The Comparing Game: Truth and Lies

Most of the time, I share yummy, healthy recipes, cool new health products, or tips on natural and healthy living, but sometimes I feel a real pull in my heart to share something more personal. Remember my Is That a Baby Bump Part 1 and Part 2? Many of you related to me then, and I think many of you will be able to relate to what I would like to say today.

The thoughts I want to offer today have been on my heart and mind for awhile. I feel the need to share them because I think we all play the Comparing Game, and it isn't a fun game. In fact, it is a downright self-destructive, waste of precious time.

Personally, I am sick of playing this game in my own head. I have also recently been hearing from too many friends, family, and clients who are also stuck in a comparing game. It causes us to feel depressed, lose sight of what really matters, and possibly give up in important areas of our lives.

Let me share with you a few of these lies. You may see yourself in some or all of them. I know I do. Let me also offer you a way to replace those lies with truth that can help you stop this game before it gets out of control. (By the way, I am the FIRST person who needs to read this today. I have a major problem with the comparison game, and I am speaking to myself first).

Lie #1 - I will never have the body I want (look like him or her), so I might as well stop eating healthy and exercising.

Truth:  When someone says to me, "I want a thinner waist, more toned legs or bigger biceps," it is not because they have this innate drive to look like that. It's because they see someone else they think has a better this or that, and they don't think they measure up. 

The truth is NO ONE has a perfect body. What is a perfect body anyway? People say to me, "You look so great. If I could look like you, then..." What they don't know is that I struggle with my own body image. I have cellulite. I have jiggly parts. And why is that bad?
As a personal trainer, I struggle with why my clients come to me:  Do they want to get healthier? Because I am all for that! Very often, there's an underlying dangerous comparison game going on in our heads. We've got to deal with that first. Speaking from personal experience, if this lie gets out of control, it can lead to disordered eating, disordered exercising, and disordered thinking.

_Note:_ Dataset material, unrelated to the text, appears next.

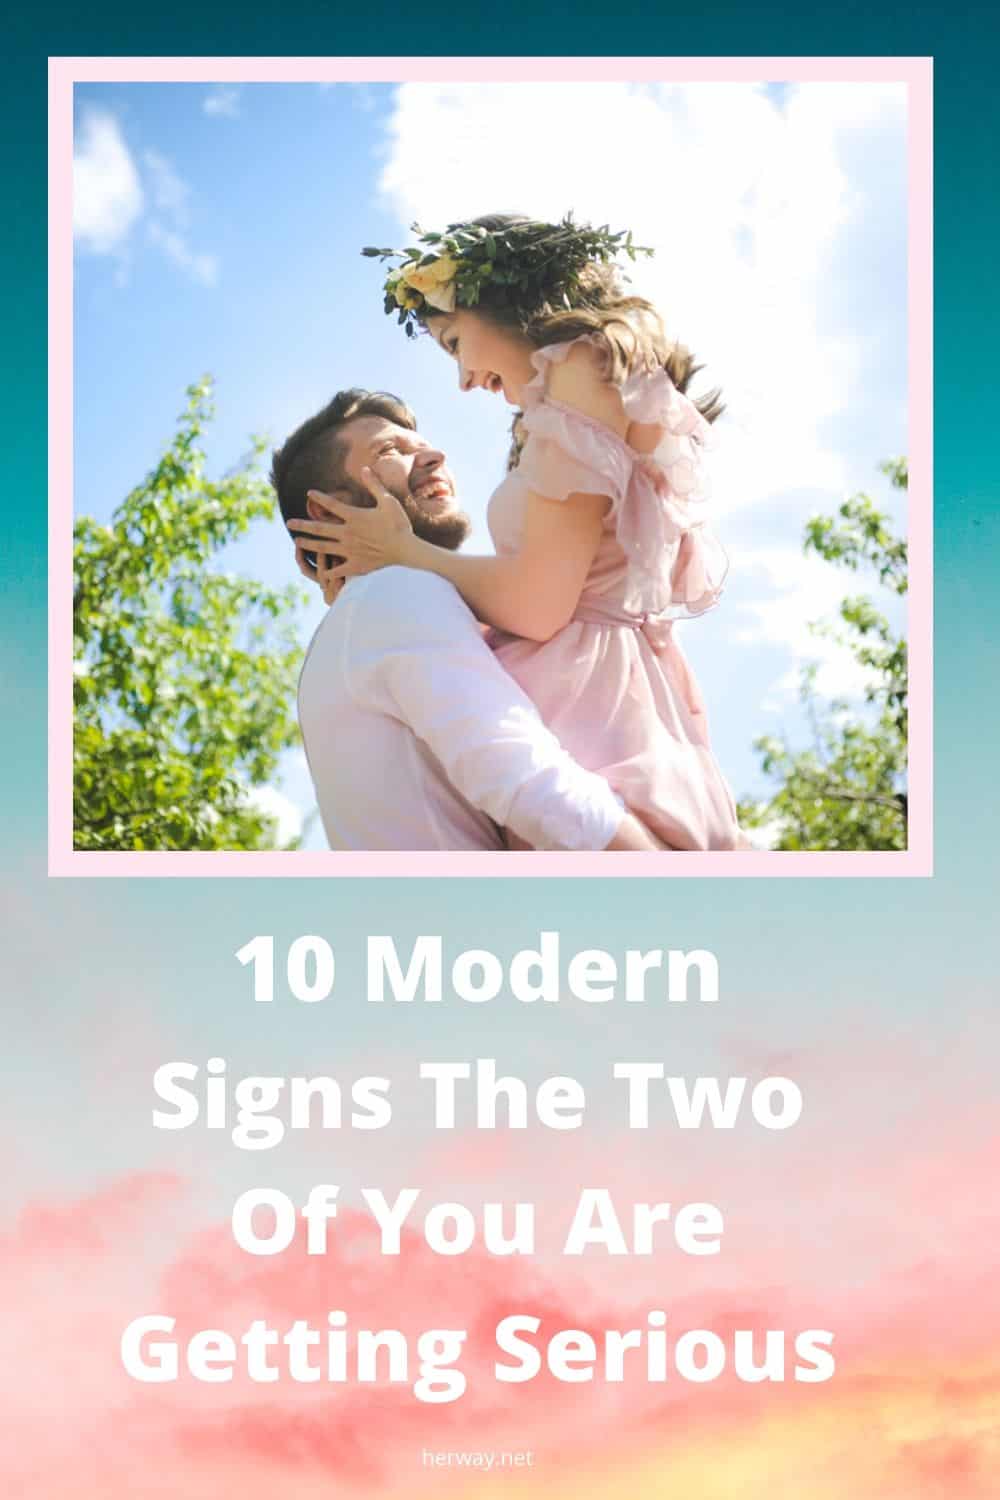 10 Modern Signs The Two Of You Are Getting Serious

Instead, realize how blessed you are to have the body you were given. Can you walk? Can you cook dinner? Can you get out of bed every morning? Can you lift your children? That puts things in perspective  fast. You have an awesome, miraculous body! Put your hand on your heart right now and feel it beating. That is a miracle right there. You do have an awesome body, don't you? Keep exercising and eating healthy, because you are taking care of your miraculous body, and it is always worth it. Always.

Lie #2 - I don't feel in love with my spouse right now. But, I deserve love, so I am moving on in search of real love.

Truth:  The divorce rate in our country is out of this world. While I do believe that there are examples where divorce may be the difficult outcome of abandonment or adultery, in many cases that is not the reason couples end their marriage. And sadly, I think many times it starts with the ugly comparison game.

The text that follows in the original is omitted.